Agência de banco assaltada

Na verdade, nunca se conhecerá o valor exato, dado que clientes costumam armazenar valores cuja existência preferem dissimular do fisco. Estava consumado «le casse du siècle» ‒ o assalto do século. Nem um centavo dos valores roubados foi recuperado até hoje. Ficou famosa a frase que os malfeitores deixaram escrita a giz na parede: «Ni coup de feu, ni violence, ni haine» ‒ nem tiro, nem violência, nem ódio.

Toda a força policial da França arregaçou as mangas pra descobrir os autores. Um assalto daquela envergadura não era obra de uma pessoa só. Uma equipe robusta e aguerrida tinha de estar por detrás. As investigações revelaram que os malfeitores, depois de descer pelas bocas de esgoto a uns 100m de distância, tinham levado três meses escavando um túnel. Tinham feito uso de material sofisticado levado ao local peça por peça pra não despertar suspeita.

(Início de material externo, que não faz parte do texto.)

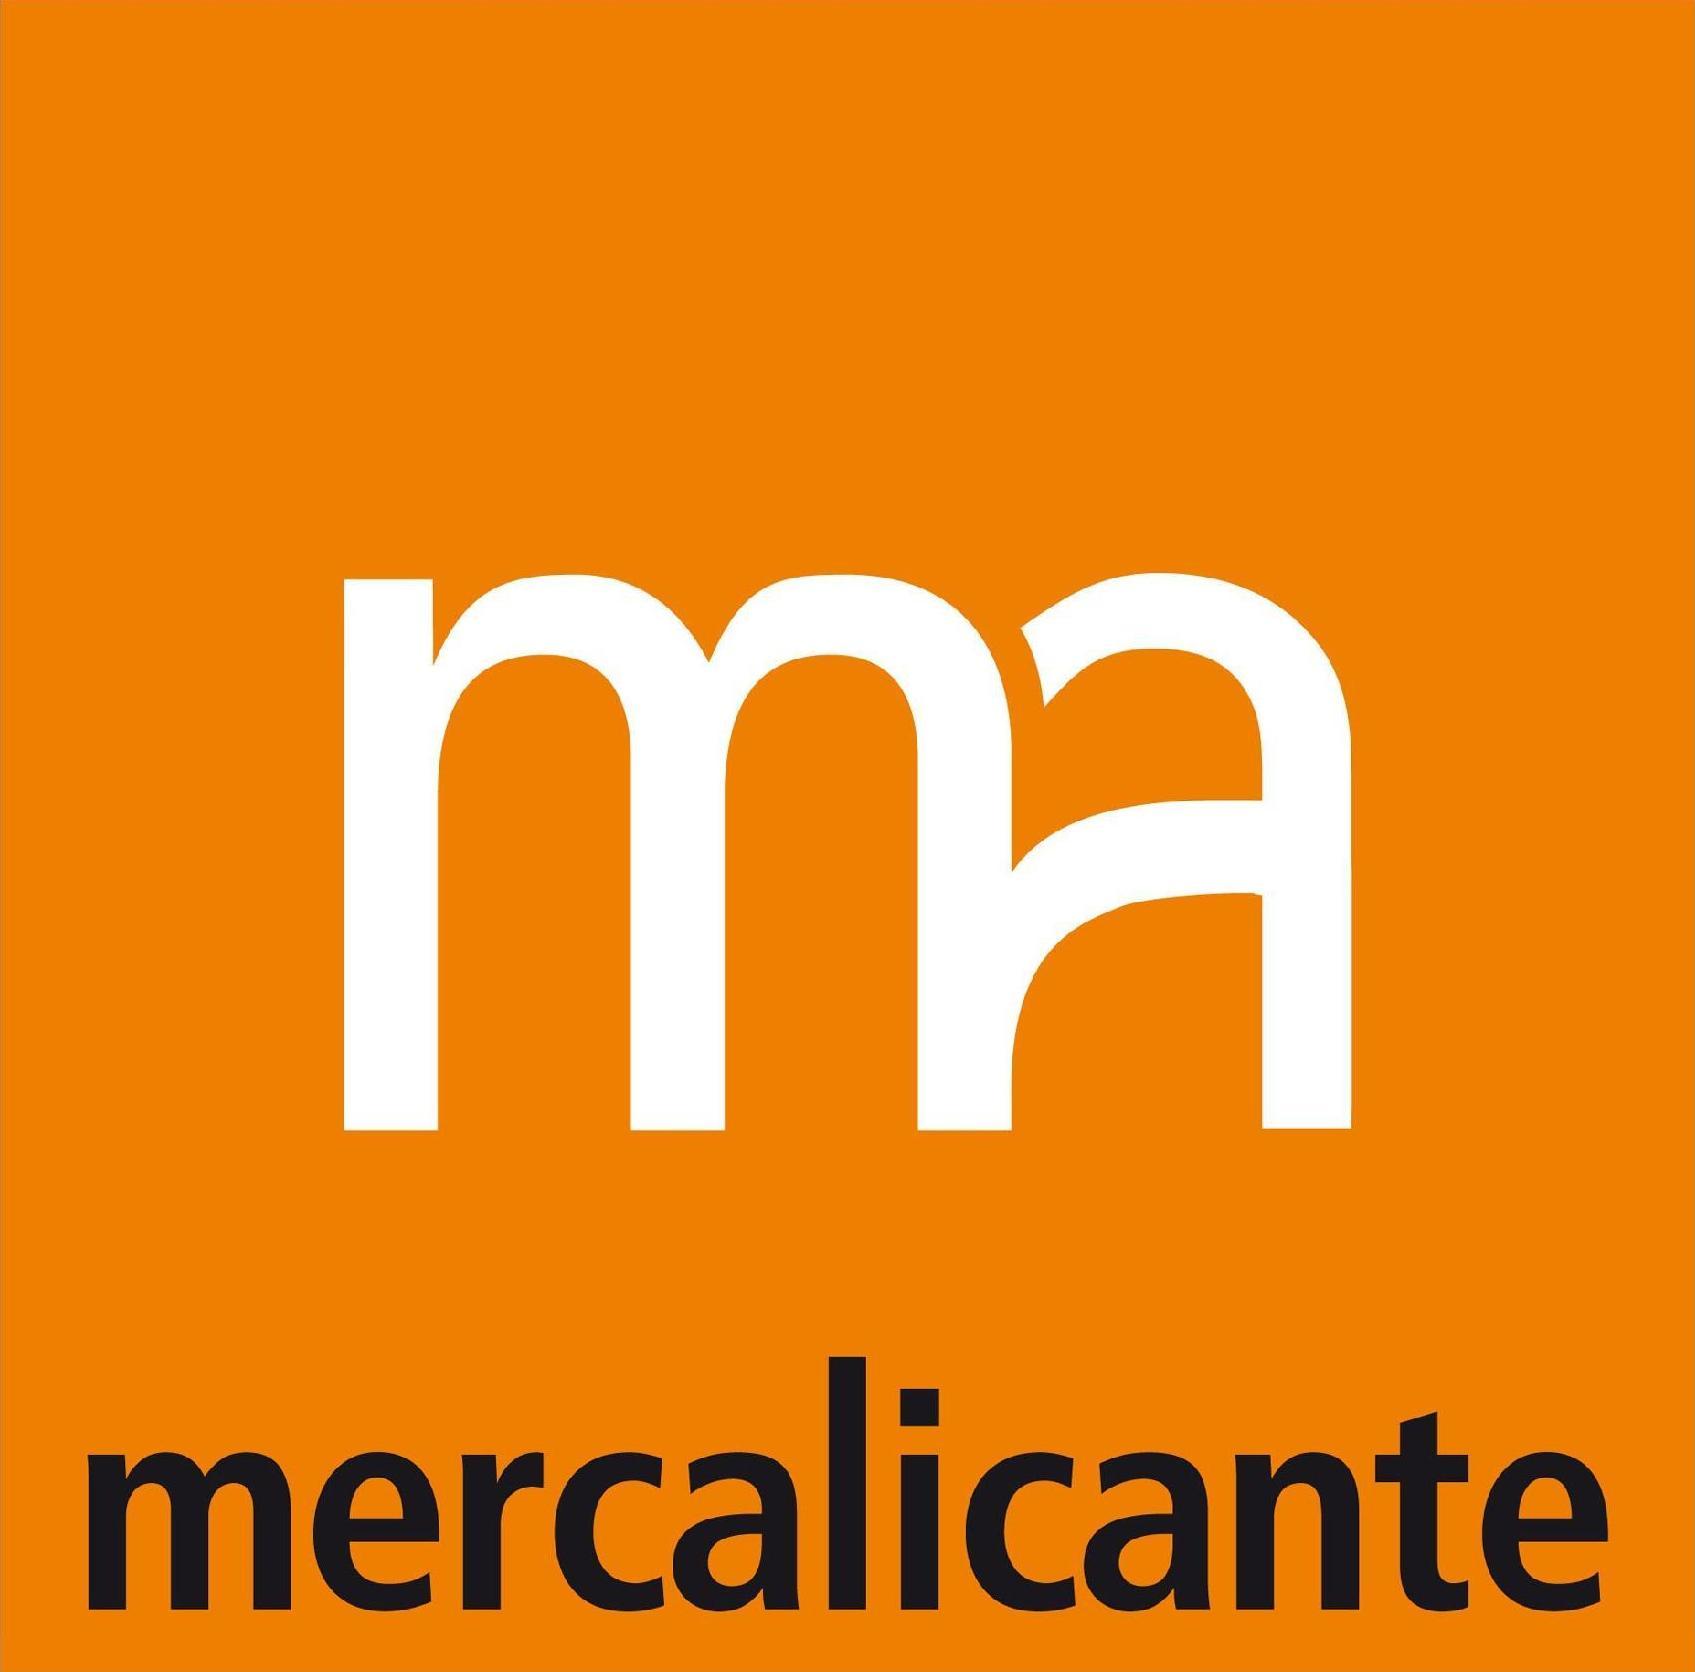 Mercalicante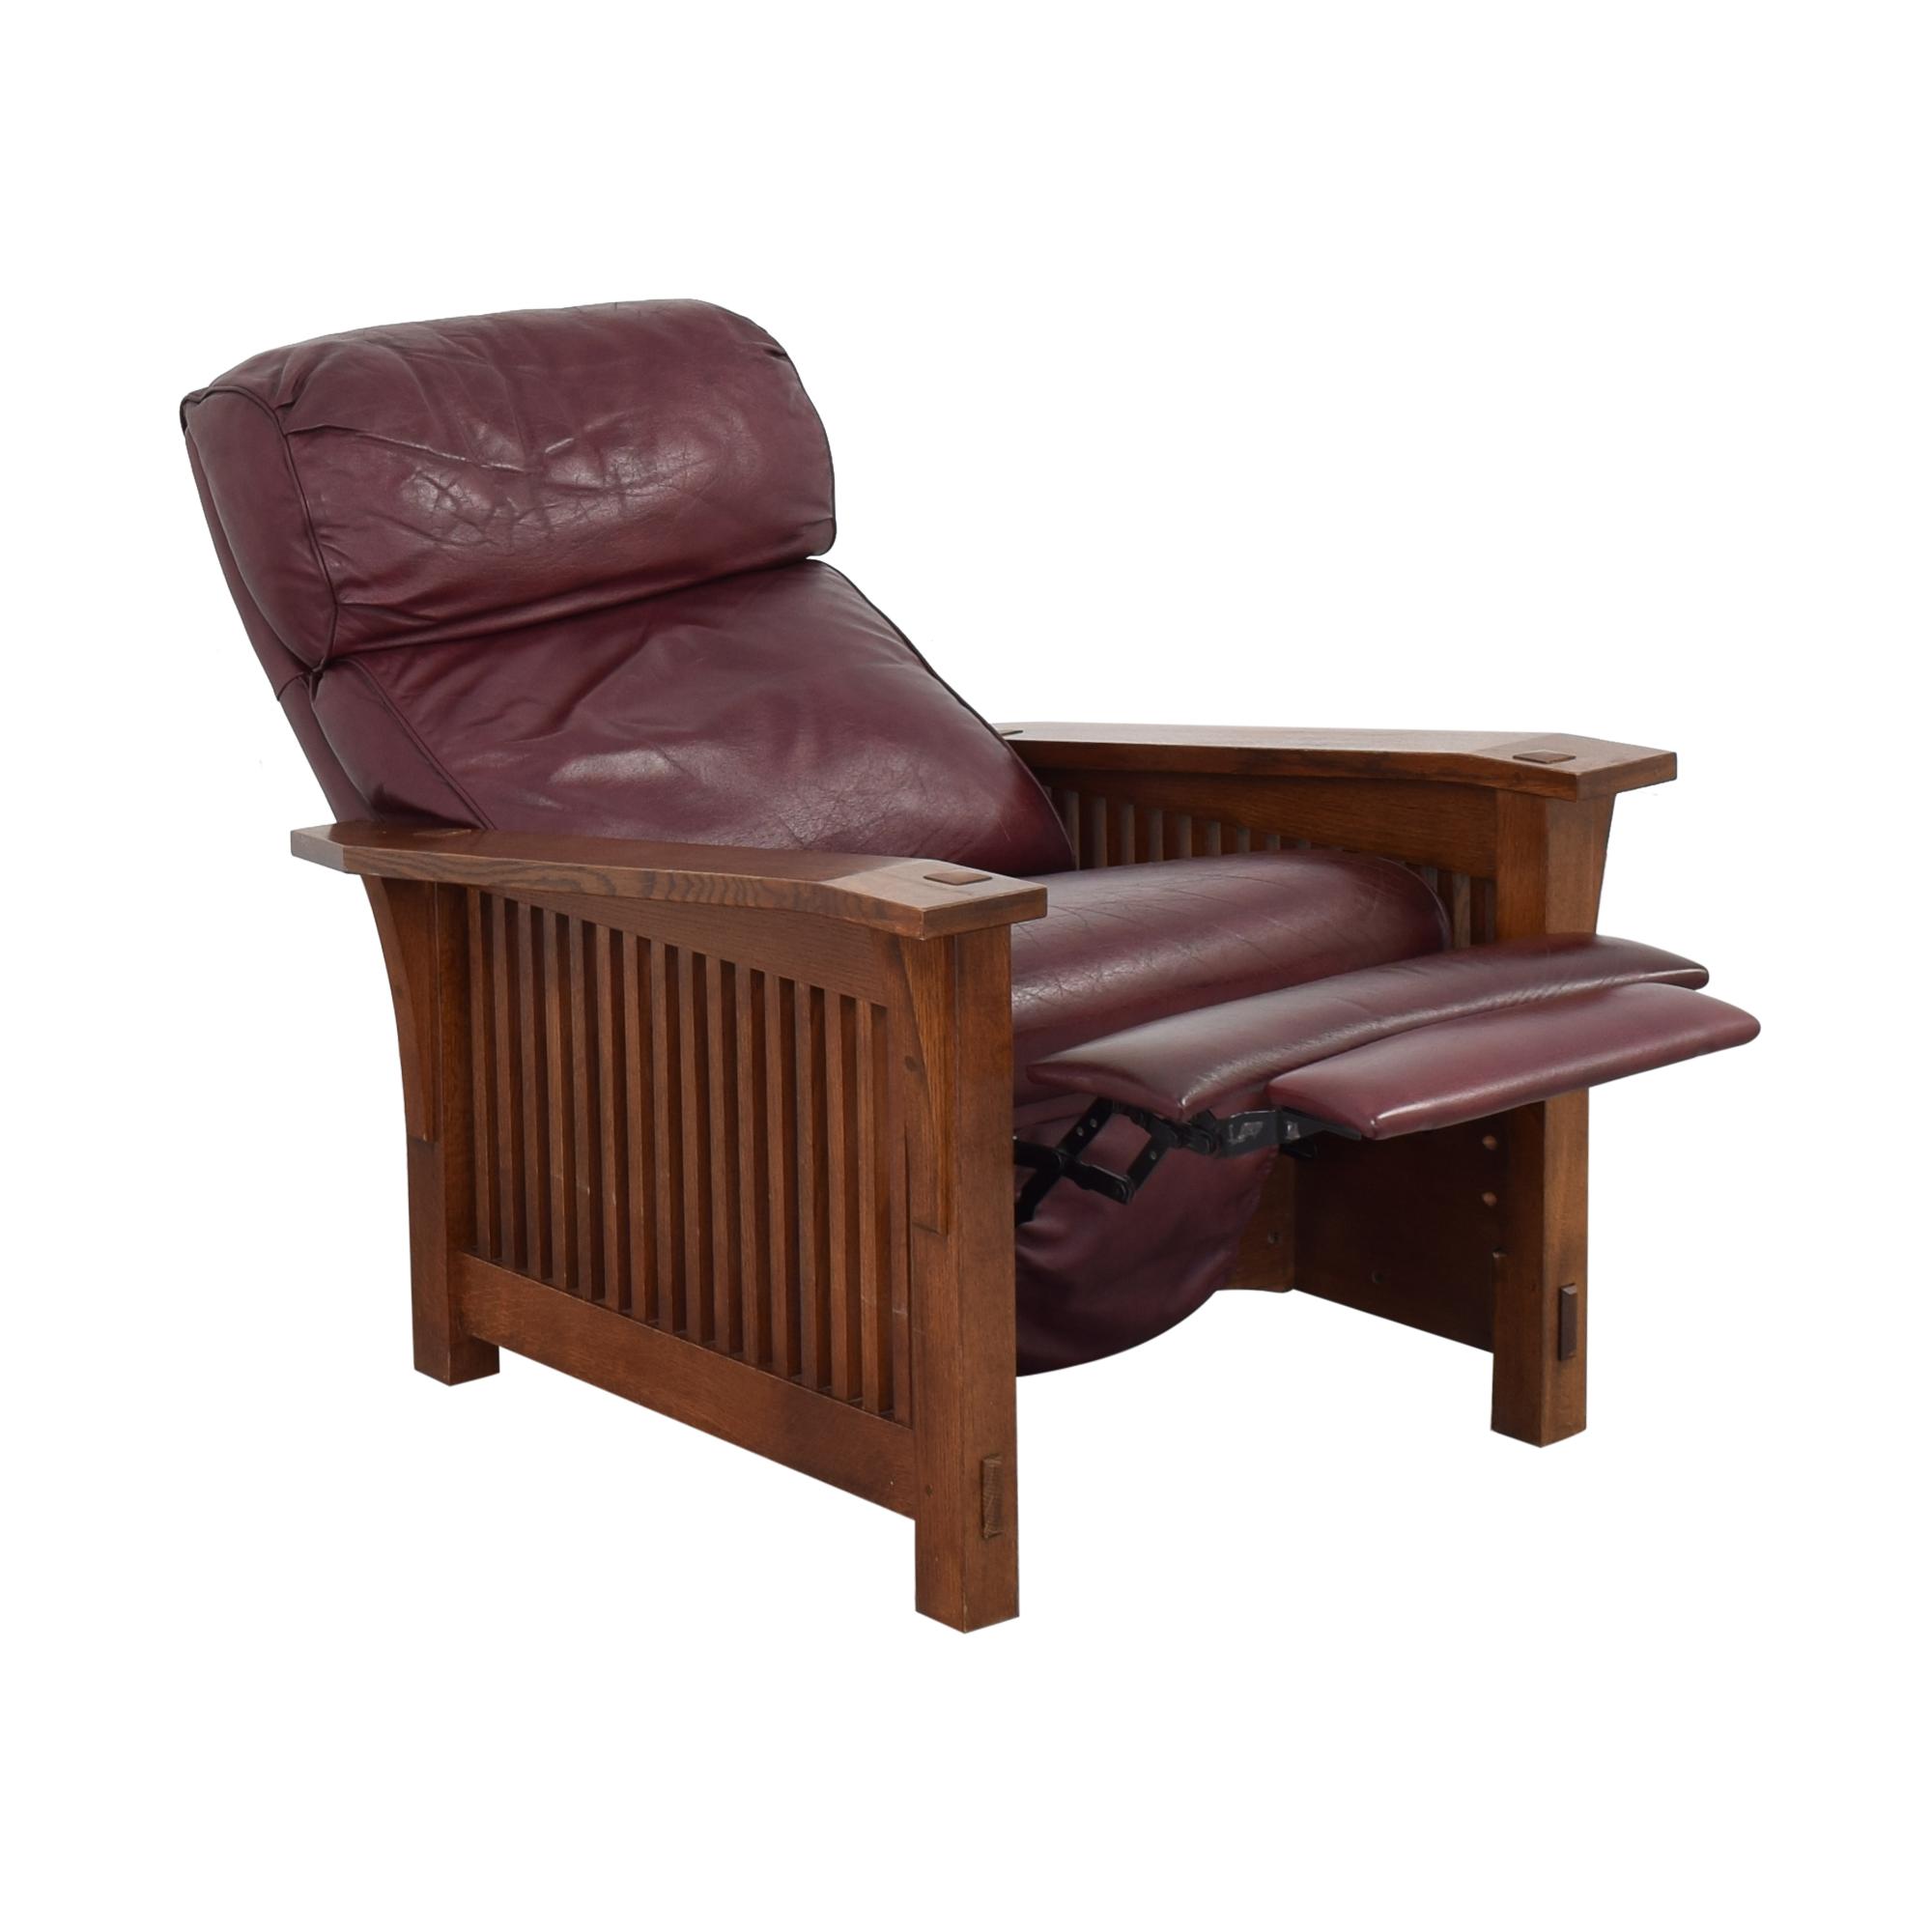 Stickley Furniture Stickley Spindle Morris Recliner ct

Foram logo apanhados três ou quatro indivíduos, velhos conhecidos da polícia. Confessaram ter feito parte da turma dos tatus, mas eram arraia miúda. O que se procurava mesmo era o cérebro do bando. Descobriram que seria um tal de Monsieur Spaggiari, notório integrante da bandidagem. Encontrado, foi preso e acusado. Seis meses mais tarde, durante um interrogatório, o homem conseguiu escapulir. Peregrinou durante anos por França, Oropa e Bahia. Até pelo Brasil, o homem passou. Jamais recapturado, faleceu em 1989.

A façanha rendeu três filmes, mas a busca pelos malfeitores, passados tantos anos, foi aos poucos abandonada. Quase quarenta anos mais tarde, é lançado um livro em que o escritor se denuncia e confessa ser o verdadeiro chefe do bando, o autor intelectual. A obra foi escrita sob pseudônimo mas, em casos assim, a justiça tem direito a conhecer quem se esconde por detrás. Não tardou a baterem à porta de um certo Monsieur Cassandri, que acabou detido e interrogado.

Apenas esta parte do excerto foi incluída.